"Quero imaginar sob que novos traços o despotismo poderia produzir-se no mundo... Depois de ter colhido em suas mãos poderosas cada indivíduo e de moldá-los a seu gosto, o governo estende seus braços sobre toda a sociedade... Não quebra as vontades, mas as amolece, submete e dirige... Raramente força a agir, mas opõe-se sem cessar a que se aja; não destrói, impede que se nasça; não tiraniza, incomoda, oprime, extingue, abestalha e reduz enfim cada nação a não ser mais que um rebanho de animais tímidos, do qual o governo é o pastor. (...)
A imprensa é, por excelência, o instrumento democrático da liberdade." Alexis de Tocqueville
(1805-1859)

"A democracia é a pior forma de governo imaginável, à exceção de todas as outras que foram experimentadas." Winston Churchill.

quarta-feira, 30 de julho de 2014

MORDE E ASSOPRA

No intervalo de 24 horas, o Banco Central emitiu sinais contraditórios. Na quinta-feira, por meio da Ata do Copom, avisou que a prioridade era o combate à inflação e, por isso, os juros básicos (Selic) não poderiam cair para segurar o consumo. Ontem, afrouxou as regras para concessão do crédito e, com isso, empurrou os bancos para o aumento dos financiamentos e, portanto, para o aumento do consumo.

O que está por trás desse jogo ambíguo ficou mais difícil de saber. O que a gente sabe é que, há meses, tanto o ministro da Fazenda, Guido Mantega, como o ex-presidente Lula vinham questionando publicamente a desaceleração do crédito pelos seus efeitos sobre a venda de bens de consumo duráveis, especialmente veículos. Isso sugere que o Banco Central encontrou um jeito de ceder às pressões ao mesmo tempo que tenta passar a impressão de que se mantém inflexível na política de juros.

Um dos efeitos desejados de uma política monetária restritiva (aquela que opera com juros altos, como agora) é o aperto no crédito. Se agora decidiu facilitar as operações de crédito, o BC está, na prática, tirando força da política de juros.

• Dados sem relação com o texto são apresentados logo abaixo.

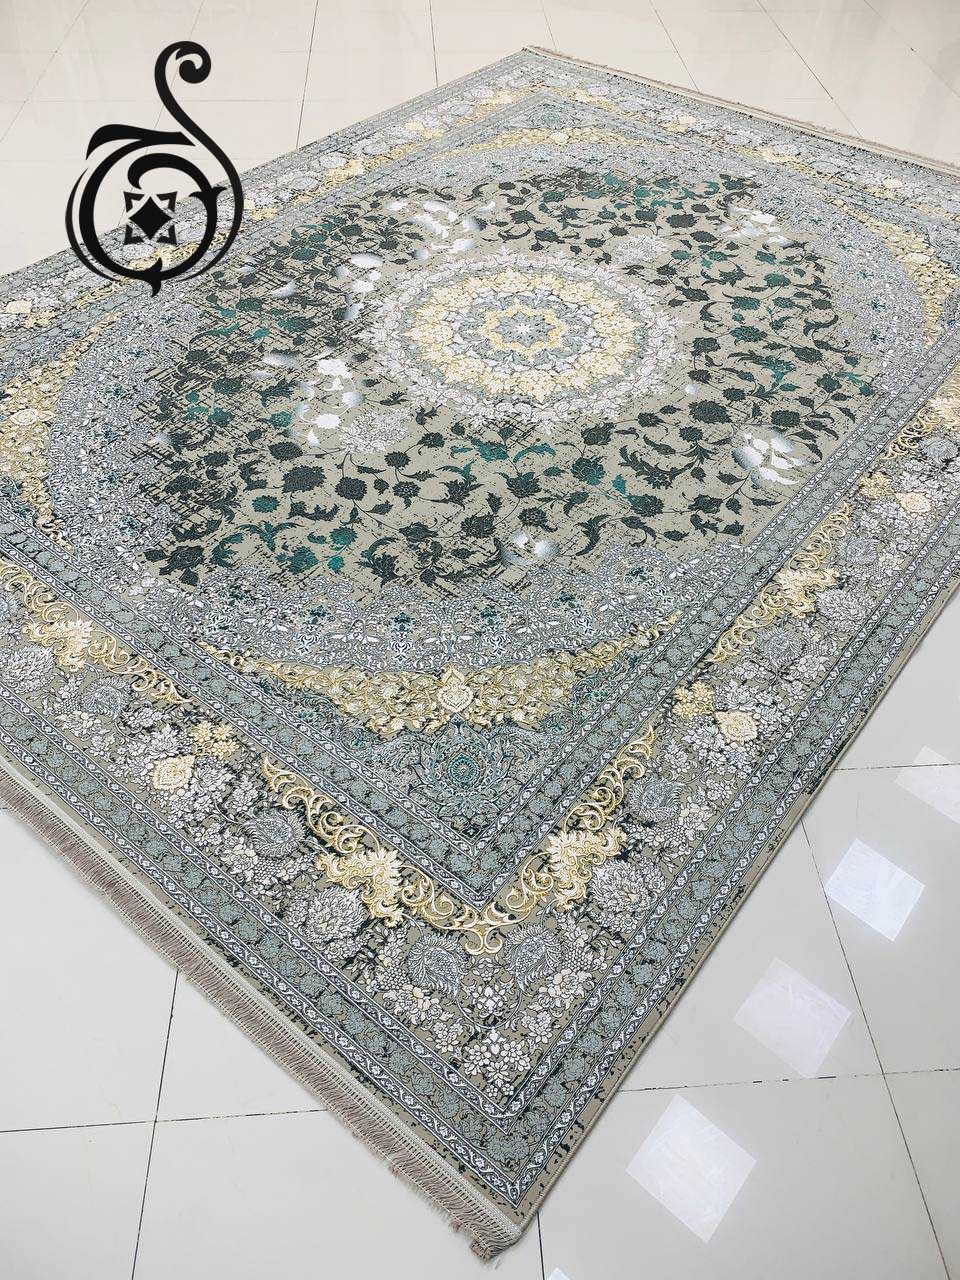 Carpet 1200 comb, density 3600, prominent Saghar design, cashmere, ten colors

A decisão tomada ontem veio com o rótulo de medida regulatória, como afrouxamento de medidas prudenciais. Estas são exigências impostas aos bancos para reduzir o risco de calotes nas operações de crédito.

Fica sem explicação por que certas providências destinadas a dar segurança ao sistema, de repente, não precisam ser tão rigorosas, sem que aparentemente as condições de operação tenham se alterado.

Afora os curtos-circuitos na área de administração das expectativas, o efeito prático das decisões ontem tomadas parece limitado. Os bancos terão mais dinheiro para o crédito. São mais R$ 45 bilhões, avisa o chefe do Departamento de Normas do Banco Central, Sérgio Odilon dos Anjos. A pergunta sem resposta é se há demanda por mais crédito, algo que até agora os bancos vinham negando diante da desaceleração do crédito livre (veja o gráfico).

A queda das vendas de veículos, por exemplo, não aconteceu por falta de crédito, mas por falta de apetite do comprador. As isenções tributárias para venda de automóveis provocou antecipação de compras e não aumento de mercado. Se tem carro novo e está pagando financiamento por ele, o proprietário não espera trocá-lo tão cedo por outro zerinho.

Afora isso, o consumidor formou a percepção de que a inflação alta está minando seu poder aquisitivo e que seu emprego pode balançar. É natural que, nas circunstâncias, assuma comportamento mais conservador e evite comprometer seu orçamento com mais despesas.

Esse quadro sugere que o afrouxamento do crédito não terá grande impacto na pretendida retomada do consumo e da atividade econômica, com a agravante de que esta diretoria do Banco Central, presidida por Alexandre Tombini, junta mais um caso à coleção de decisões contraditórias.